# Should there be a vapor barier in attic where walls are?



## Red Squirrel (Jun 29, 2009)

I was up in my attic removing a vent pipe for a roof vent that will be getting removed and I was unable to get the vent completely out, a section goes down a wall and has one screw, just to tease me, that's way beyond reach. So I built a box around it mostly for safety reasons (very sharp metal) and wrapped the whole thing up in vapor barrier to avoid air from going in/out of the pipe/wall that's been cut out. While doing this I noticed that none of the wall has vapor barrier over it tapped to the vapor barrier of the ceiling of both sides. I can see the top header and it's "naked". Isin't this a huge heat loss? Wood is not 100% air tight... or is it? Or is it air tight enough that it does not matter?

It would be a huge painful job to do as I'd have to do one joist section at a time, and being in there for more than 10 minutes is really hard on the knees. So probably wont bother either way, but just curious.

I'm also going to be getting the attic blown with cellulose.


----------



## joecaption (Nov 30, 2011)

There are no visable headers in an attic, you my be talking about the top plates.

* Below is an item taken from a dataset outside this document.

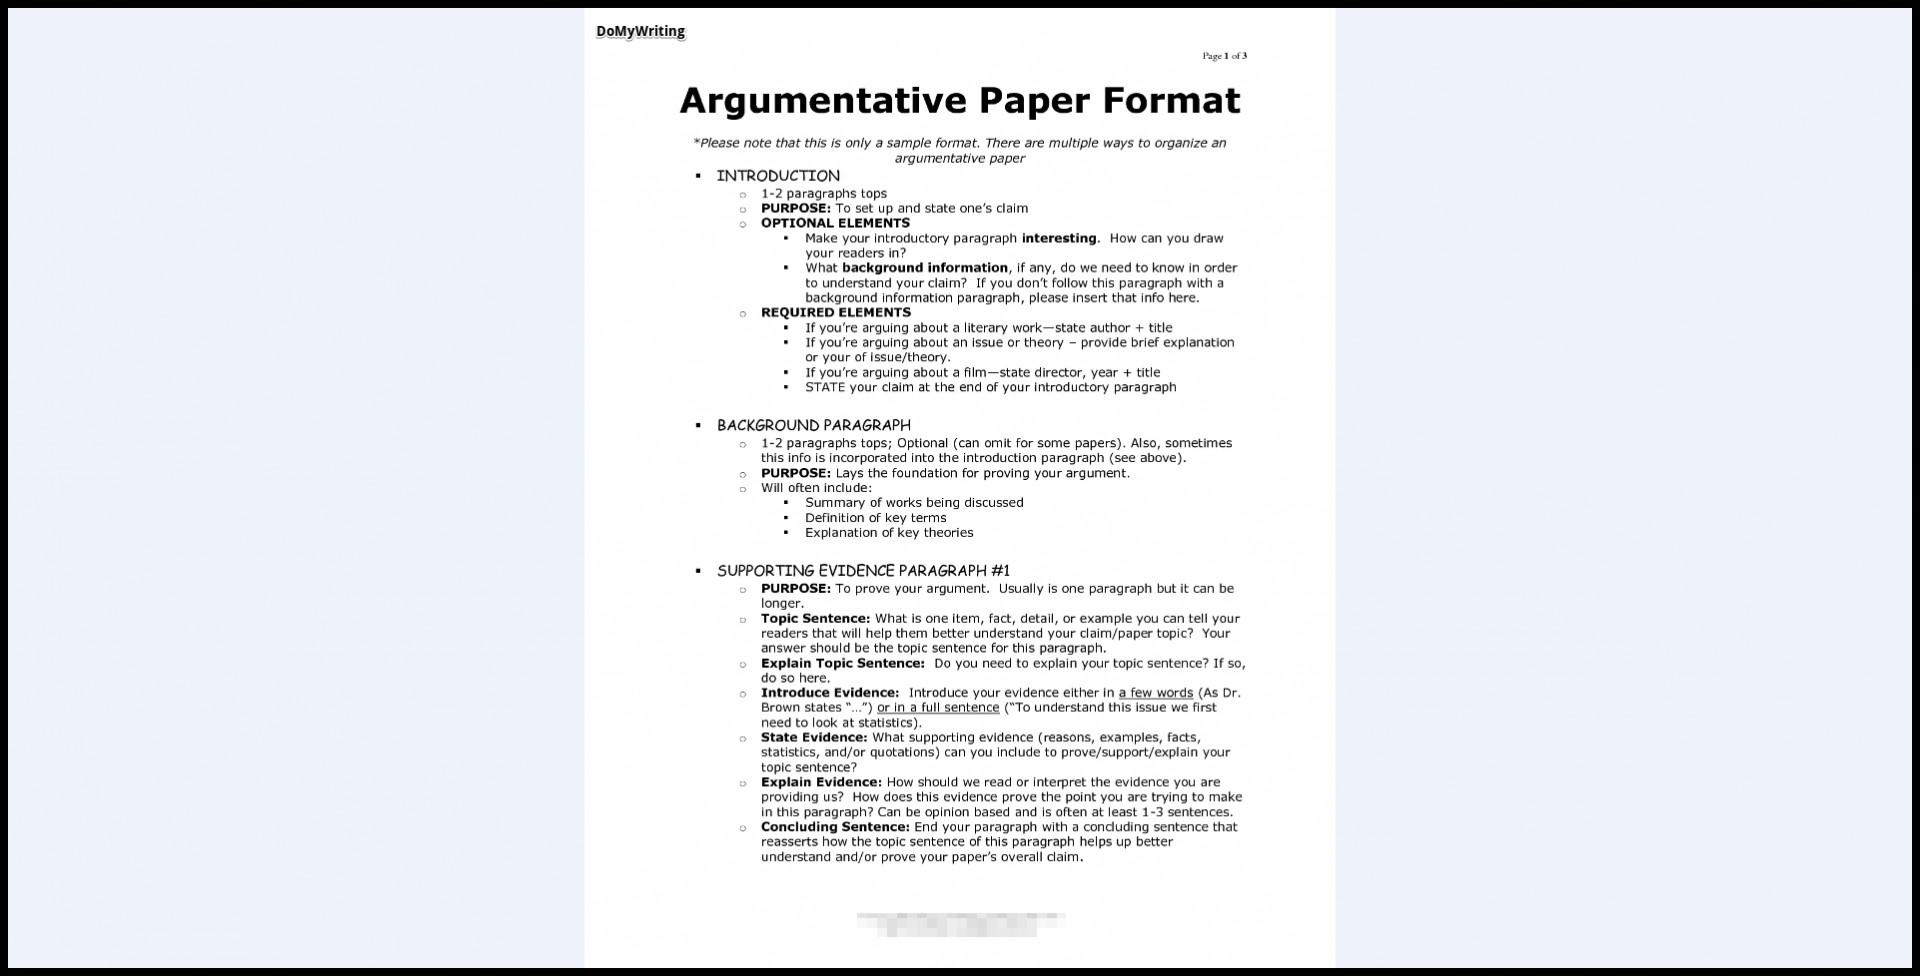 007 Argumentative Essay Format Argument Wonderful Outline Examples Template Pdf Writing Middle School 1920
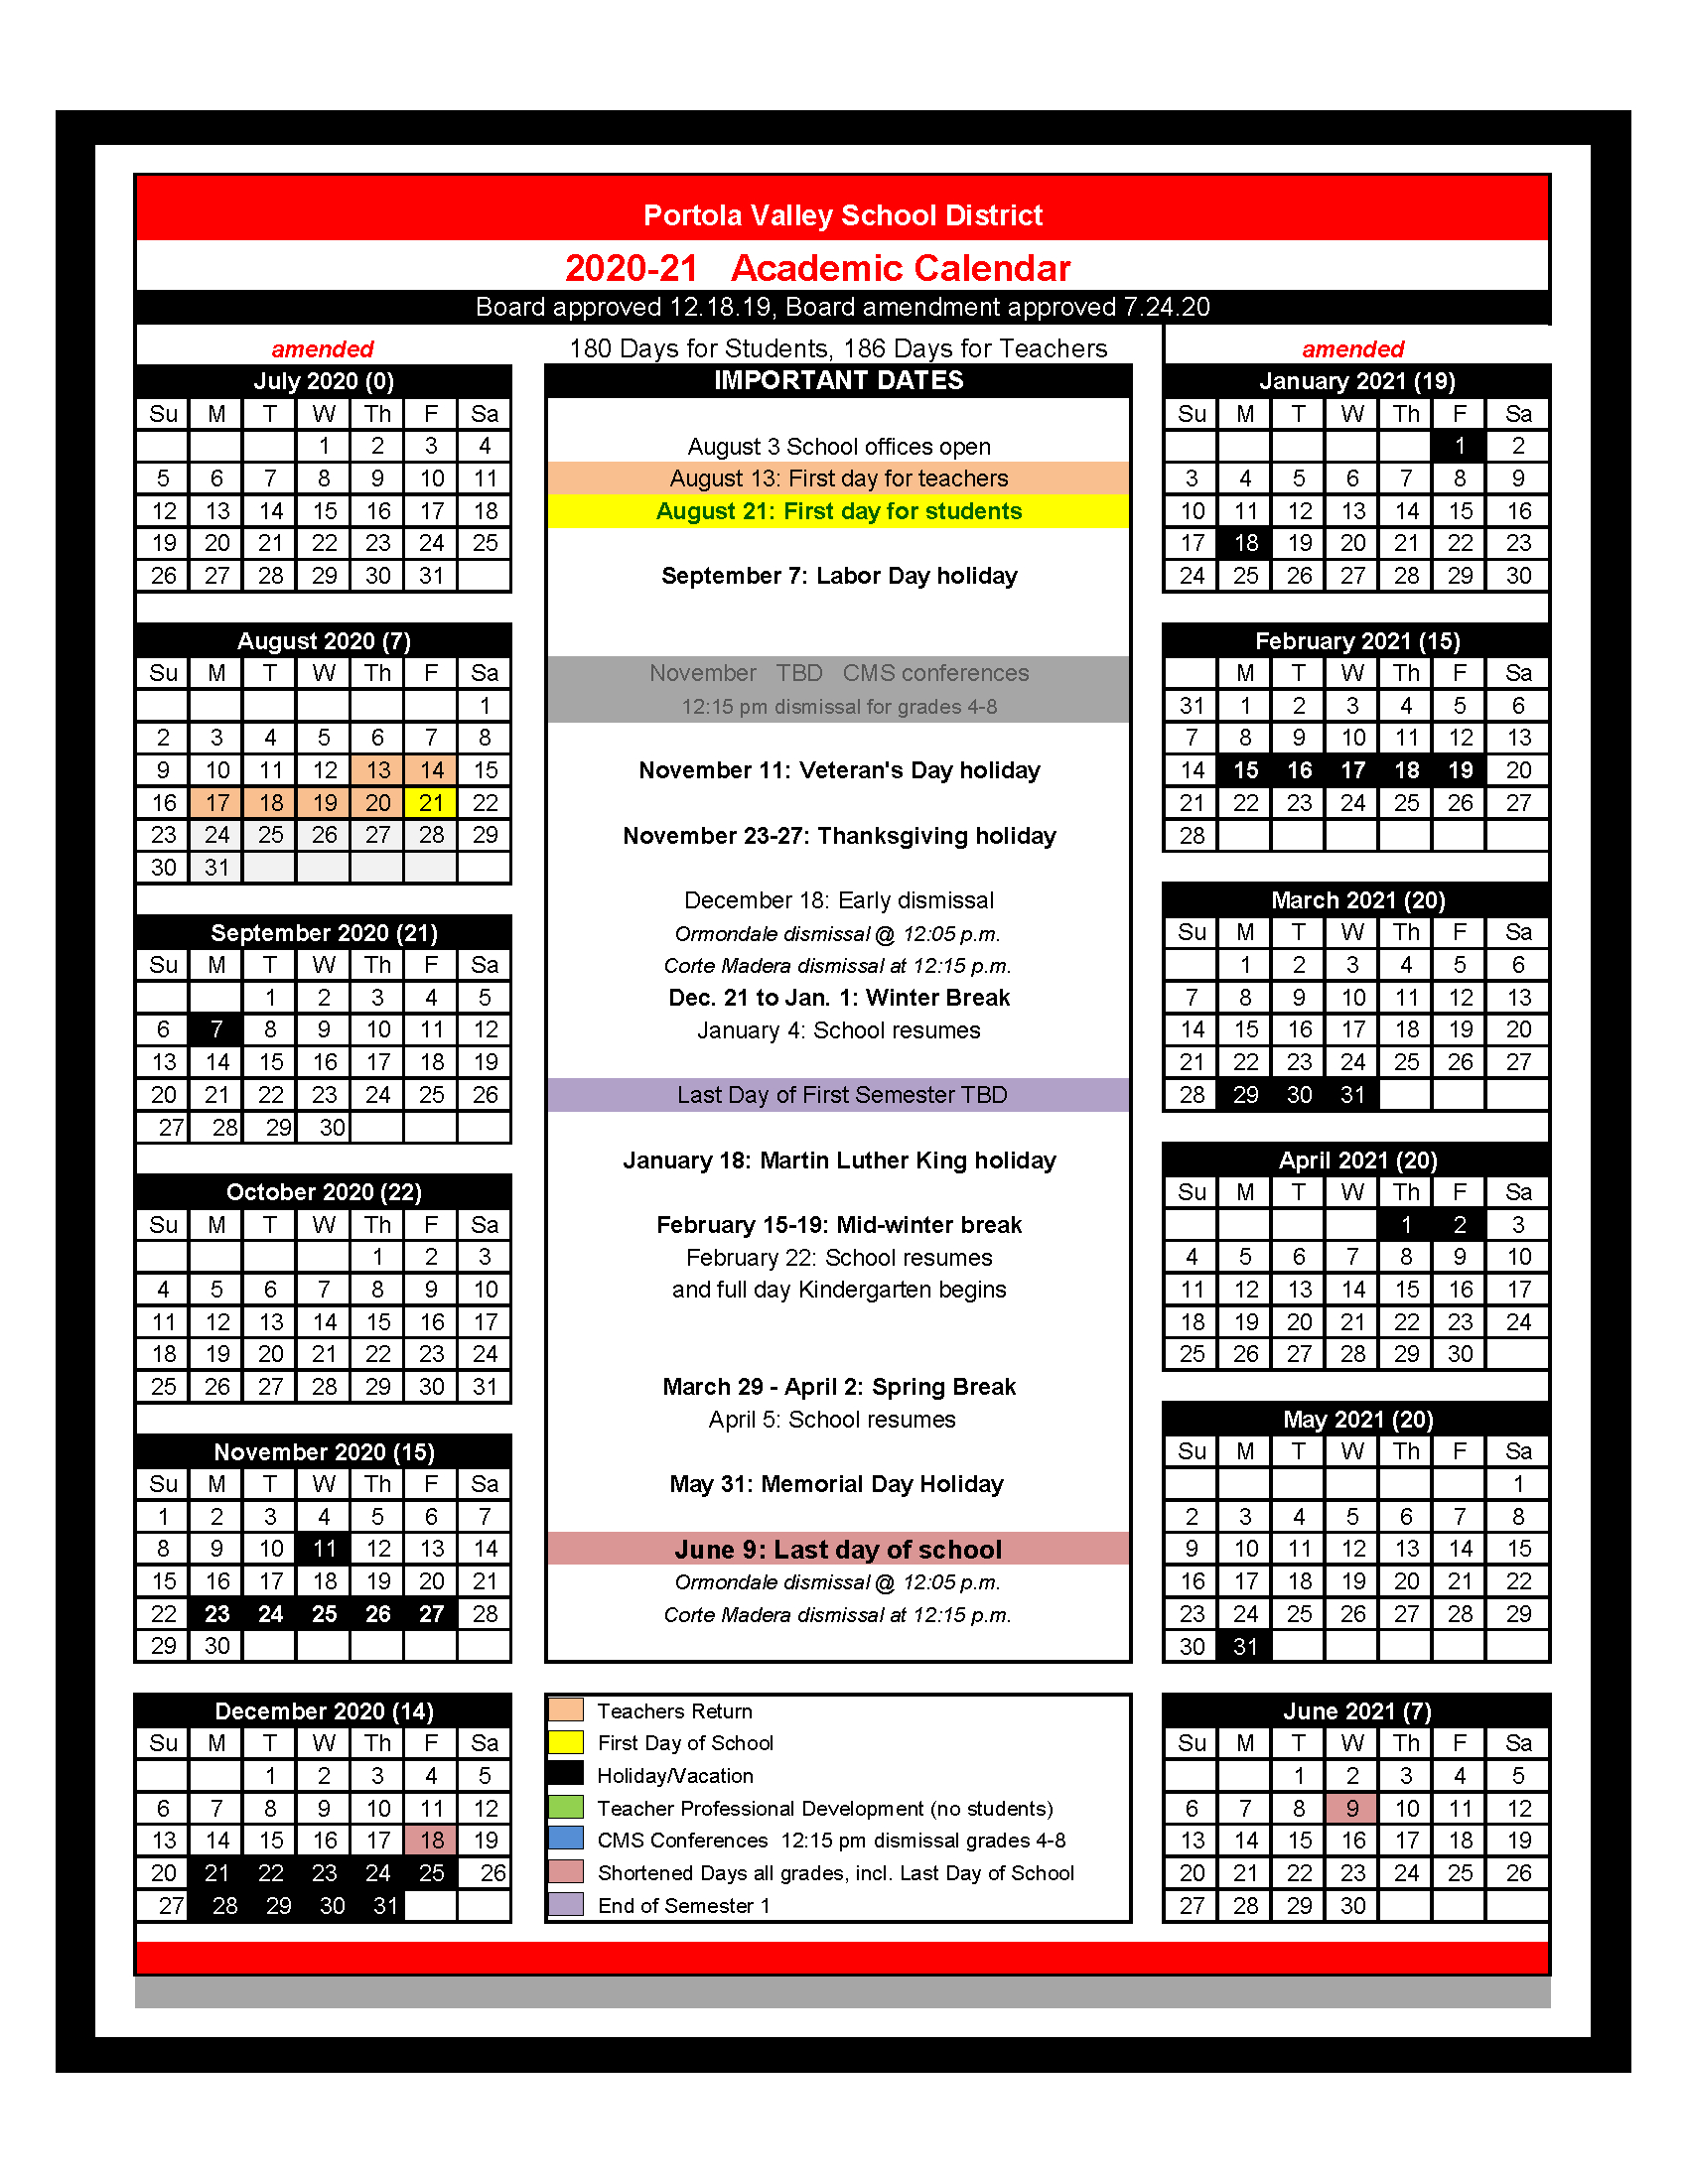 2020-2021 School Year Calendar - Ormondale School

If there going to adding insulation there needs to be foam baffles added, all holes where wiring or plumbing was run, all the light and fan ceiling fixtures need to be air sealed before any insulation goes in.


----------



## Red Squirrel (Jun 29, 2009)

Yeah it's the top plates I meant, but still, if I was to drill a hole into that, I could see down the wall. So by not having a vapor barrier isin't air seeping through the wood, or between the ceiling drywall and wood? The wires don't have any kind of seal either, at least the one that I saw, which is on an outside wall.


----------



## jklingel (Dec 21, 2008)

Wood is an air barrier, and is vapor open somewhat, which you want. The gaps are a problem; seal every gap you can find. You probably don't NEED a vapor barrier, though one may not hurt. It depends on where you are and if you will run air conditioning. Air seal.


----------



## Red Squirrel (Jun 29, 2009)

Ah ok, so the wood is sufficient then, though the electrical should be sealed up, which is not in my case.


----------



## jklingel (Dec 21, 2008)

Wood is a plenty good air barrier. Thorsten Chlupp, and I am sure others, uses plywood as his ONLY interior air barrier. He does not use a vapor barrier (unless building inside the city; long story, but our building department is slow to accept new information). The plywood is placed on the outside of the inner wall in a double-stud wall system. The wall plywood continues up to meet the ceiling plywood, giving a continuous air sealing layer; all joints are taped. This method leaves the inner wall available to run electrical and the odd pipe, without penetrating the air barrier. Holes and cracks are killers. A 1 square inch hole will let as much moisture through (via air) as will diffuse through AT LEAST one full sheet or sheet rock; some say several sheets.


----------



## Windows on Wash (Aug 30, 2011)

I would prefer to air seal all the top plates and penetrations with something like foam or sealant rather than deal with the vapor barrier.

Most vapor movement is on bulk air transfer vs. diffusion. Stop the air movement, you stop 99% of the moisture.


----------



## gregzoll (Dec 25, 2006)

Red, you know what GBR is going to tell you, and it is the same site that we have hashed over and over.


----------



## Red Squirrel (Jun 29, 2009)

Windows on Wash said:


> I would prefer to air seal all the top plates and penetrations with something like foam or sealant rather than deal with the vapor barrier.
> 
> Most vapor movement is on bulk air transfer vs. diffusion. Stop the air movement, you stop 99% of the moisture.


Yeah that would make more sense, I was originally wondering if the whole thing should be covered, and not just penetrations. 

When you say moisture, what is that referring to? Moisture from the house getting into the attic and causing frost? I'm more worried about heat loss, but guess that has merit too. If it was not so hard to move around in there I'd go and caulk all the openings, at least the ones I can reach. Guess I could also remove the switch plates and other indoor penetrations and seal from there. But not as ideal as sealing from the top.


----------



## Gary in WA (Mar 11, 2009)

LOL, second time today someone answered for me..... gotten to know me pretty well, eh? The other time I was simply giving information to the OP on different ventilation options.

RS, I would canned foam the ceiling/wall joints of the drywall because it lets moisture through because of the stack effect from pressurizing the room. 1/16" gap between drywall/framing degrades insulation. With no vapor barrier there, the drywall alone is acting as your air barrier. Have you seen signs of exfiltration of your (paid-for) heated air at the baseboards:http://www.homeenergy.org/show/article/nav/troubleshooting/page/2/id/1360

If easy, pull the baseboard trim and air-seal the bottom edge of drywall at the knee wall (so important, even required in our codes now), #6: http://publicecodes.citation.com/icod/irc/2009/icod_irc_2009_11_sec002_par021.htm

Foam/caulk any joints you can reach to allow air movement, they are numerous: http://www.conservationtechnology.com/building_design.html#AirLeakagePathways

Gary
P.S. You two should play the lotto, I'm thinking of the winning number.....LOL.


----------